Hi- This is a request about a little boy who is almost six years of age, who can write 12 out of 26 letters when he uses his strong interest of Harry Potter, (eg writing Harry & Malfoy) however when writing the alphabet from memory he he can only really write 10 letters, and of these they are mixed between capital and lower case. The letters are not written in correct sequence. It was also noted that this boy has difficulties with attention and overall gross motor skills, immature drawing and social skills.
This boy will not get ongoing GSE help, probably will only get about four visits from a therapist, there is however a RTLB to work in with, mum is supportive, however no teacher aide.
Following is what I recommended off the top of my head to the therapist who requested some assistance. Next week I will resubmitt this posting and add my reasoing behind each suggestion.
Hi, Hmmmmmm, your 6 year old boy. Needs a structured program. Try and use the teachers program first if she has one, however if your feel that it is a bit hap hazard. Suggest her using a commercial one for her class. Possibly if you show her a range she and you could discuss them....pull the RTLB in as well see what she uses with kids.........and choose one that mets her way of teaching.
You could create a handwriting program, but for the amount of time you have, finding a commercial one is probably easier. Go to the education resource shop and see what you can find. Since you are only at the school for a short while, supplying some sort of program that is all there for them may work best. If the teacher does already use a structured program like jolly phonics or whatever, use this as a base.......then get mum doing the same pages for homework at night with one on one feedback, modeling and coaching. For each letter the boy learns, get him to name it eg H is for Harry G is for ghosts, then from there on the mum and teacher could use that word to cue his memory ...I need you to write me a "h" like in harry. ....or "it starts with the same letter as ghost starts with , what letter is that"?
Use a reward system, working with good effort and attention with mum at night equals = something important to him, eg mum reading some of Harry Potter or watching ten minutes of Harry Potter........or after five nights of really trying hard with handwriting -watching the DVD of Harry. Use the whole sticker chart motivation thing......
Another way of approaching handwriting is through spelling. At six he needs to learn some basic spelling words. So handwriting and spelling could be done together. His handwriting could be copying spelling words, learning the letter names within a word and how to spell them. Work through the first core reading words, and use these as his spelling words. Let me know if you need a list.
He could learn three words a week, focusing on one word each night, then Thursday night review all of the words. Writing the word out with mums hand over hand support if needed ten times, saying the letters as he writes them (block practice) Learning letters through words would help give him something more concrete to pin his memory onto. At the end of learning the spelling word he could use it in a sentence about Harry Potter in which mum writes down, and he reads back to her. eg spelling word is 'is'. The boy may come up with the sentence. Harry is making a spell with his wand. His mum writes it down. They then read it together pointing to each word as they read. Mum then asks the boy to circle the word is. The boy circles the word is, and then mum says how do you spell is. With mums support the boys says I S. Randomly during the next day the teacher asks the boy to spell his word, or to say the letters within the word. The teacher is aware of the word as mum has written it on his hand. If the boy needs to look at his hand during the spelling and reading of the word that is ok. As they move through the day they encourage the boy to spell it verbally or in writing without looking at the model on his hand. That night mum teaches a new word, then reviews the old word and then finishes the session with the new word.
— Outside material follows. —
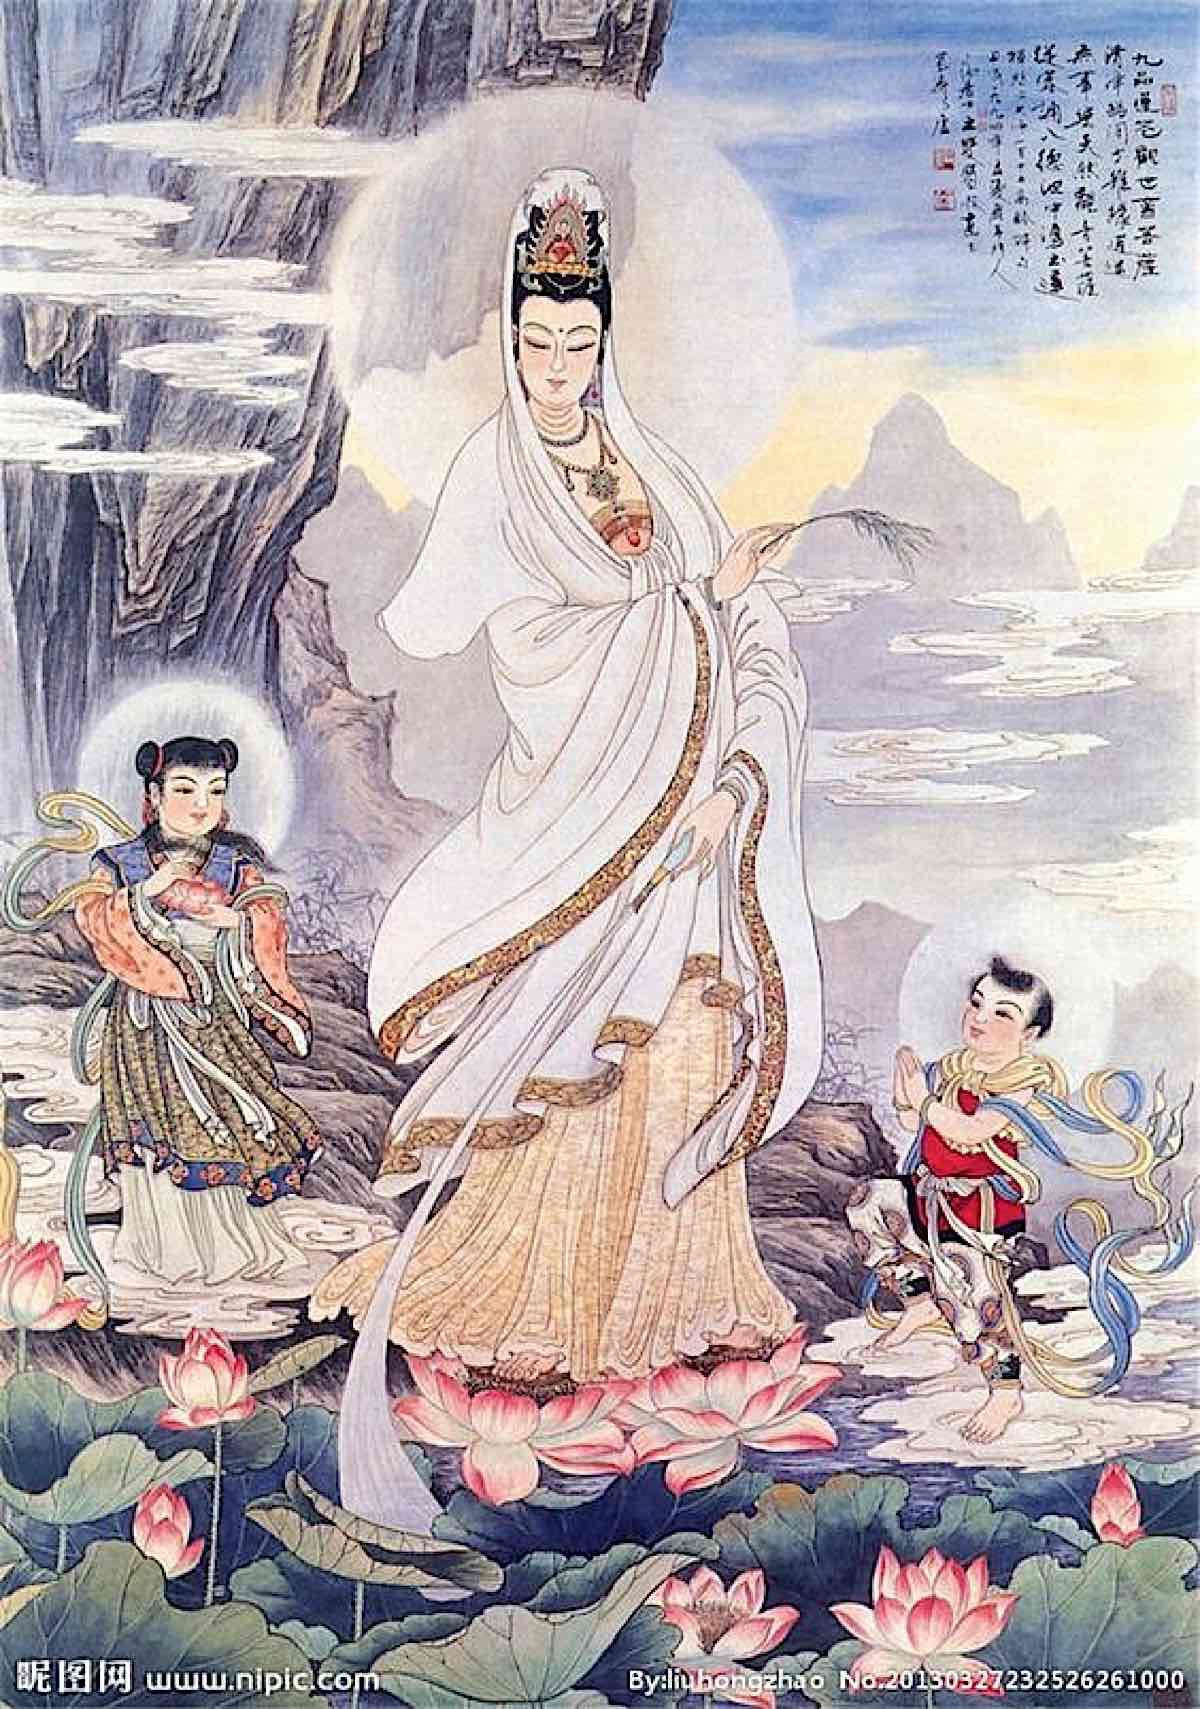 Buddha Weekly Guan shi Yin Buddhism
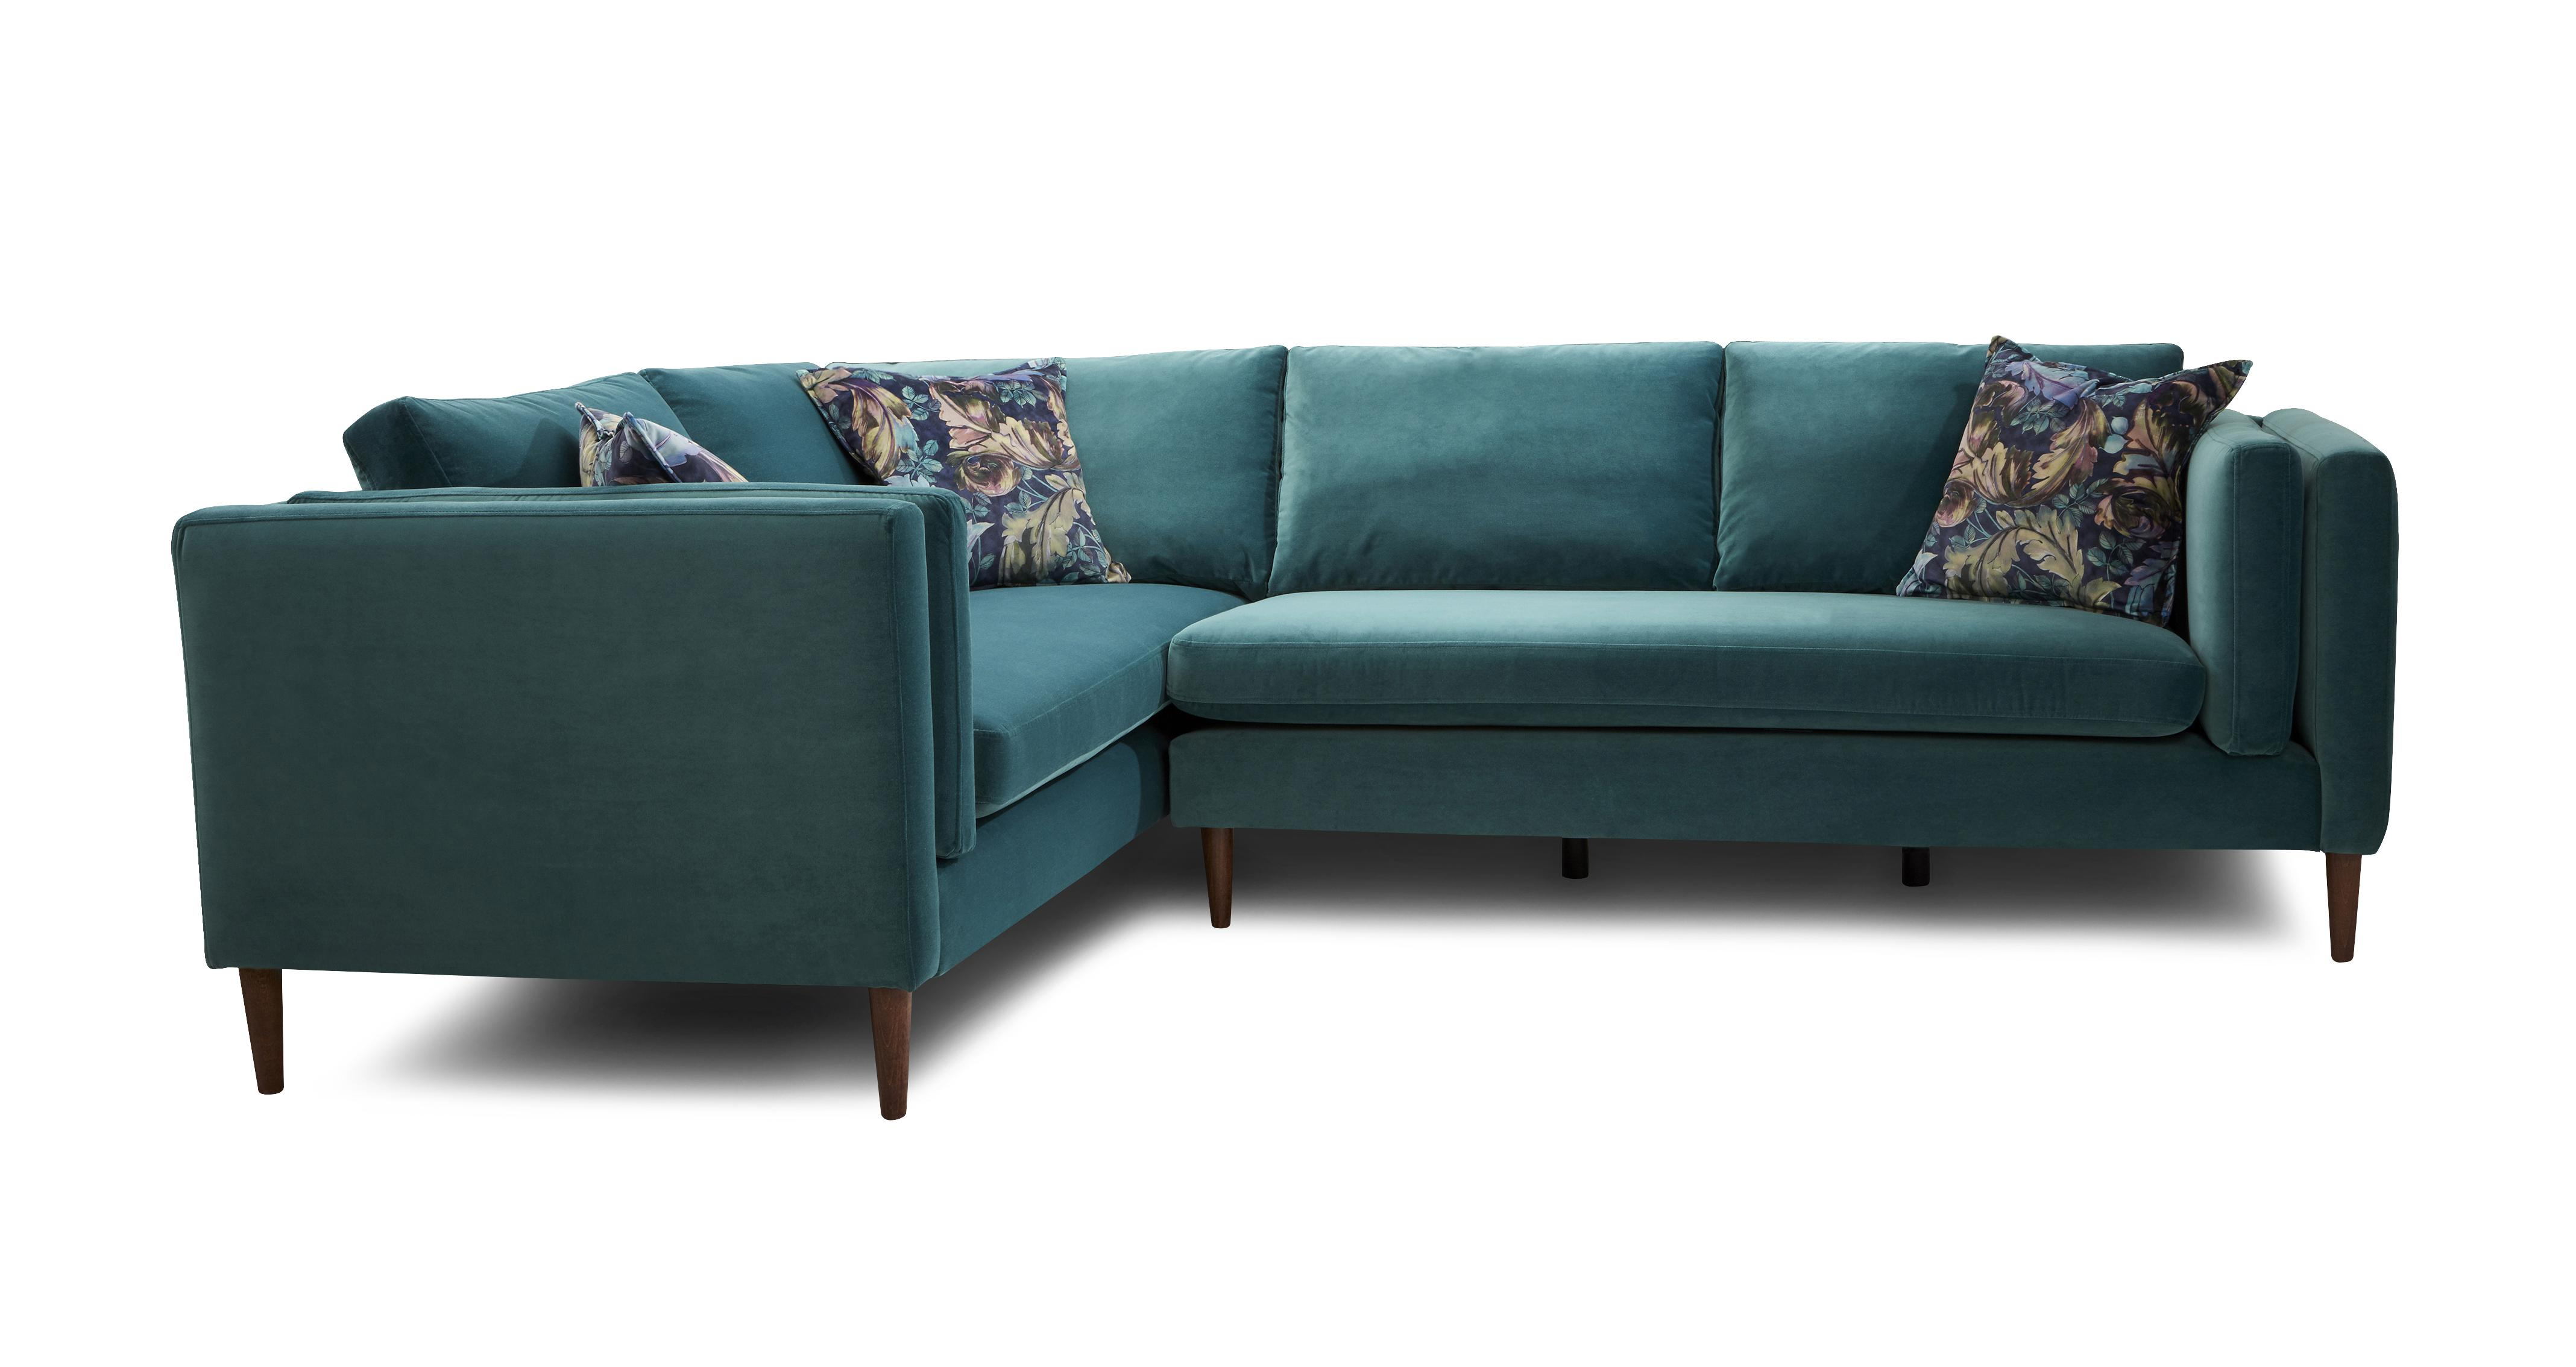 eden large sofa luxe velvet dfs rh dfs co uk Bolia Sofa Velour 1920s Velour Sofa

Time his concentration for handwriting tasks. If it is a minute get mom to do the handwriting page, one minute at a time then go do something else like play with lego of hand skills activities, and then come back and do another minutes work, with the plan to build up his sustained concentration for 5 minutes.
Attention, try and work out what distracts him the most during tasks. Modify the environment, seating place etc. Does the teacher move closer to him when she is giving directions, standing closer to someone can help increase there attention. Attention is a skill that can be influenced by teaching the skill of attention, Find out his understanding about this task of attending. Explicitly teach him what to do, eg stop look and listen. What did the teacher say to do? Can you tell it back to me, if you haven't heard what the teacher said, what else can we do to work out what we need to do?
Reinforcing attending skills may be something the RTLB can follow up with?
As he is a bit socially challenged, it is highly likely that he doesn't work life out by watching others. He needs someone to spell it out for him. Set routines and rules are probably or possibly helpful for this boy. Consider visual schedule type of supports?
A very simple hand skills task is coloring on the wall, holding a small coin in his fourth and fifth fingers, while holding the paper still with his stabilizing hand. Do this at eye level hight. Us a small piece of tape in the center of the paper to hold it to the wall, This helps encourage the child to hold the paper as it moves if they don't stabilize with the other hand. Colouring in Harry Potter pictures, can get some off internet. .
See what the RTLB is working on, work in with her. As he is almost six he may be able to get reading recovery - if there school does this, they also work on writing skills.
Plant sprayer in the bath at bath time is another easy one, kids love it.
An obvious suggestions, but have you had his eyes tested?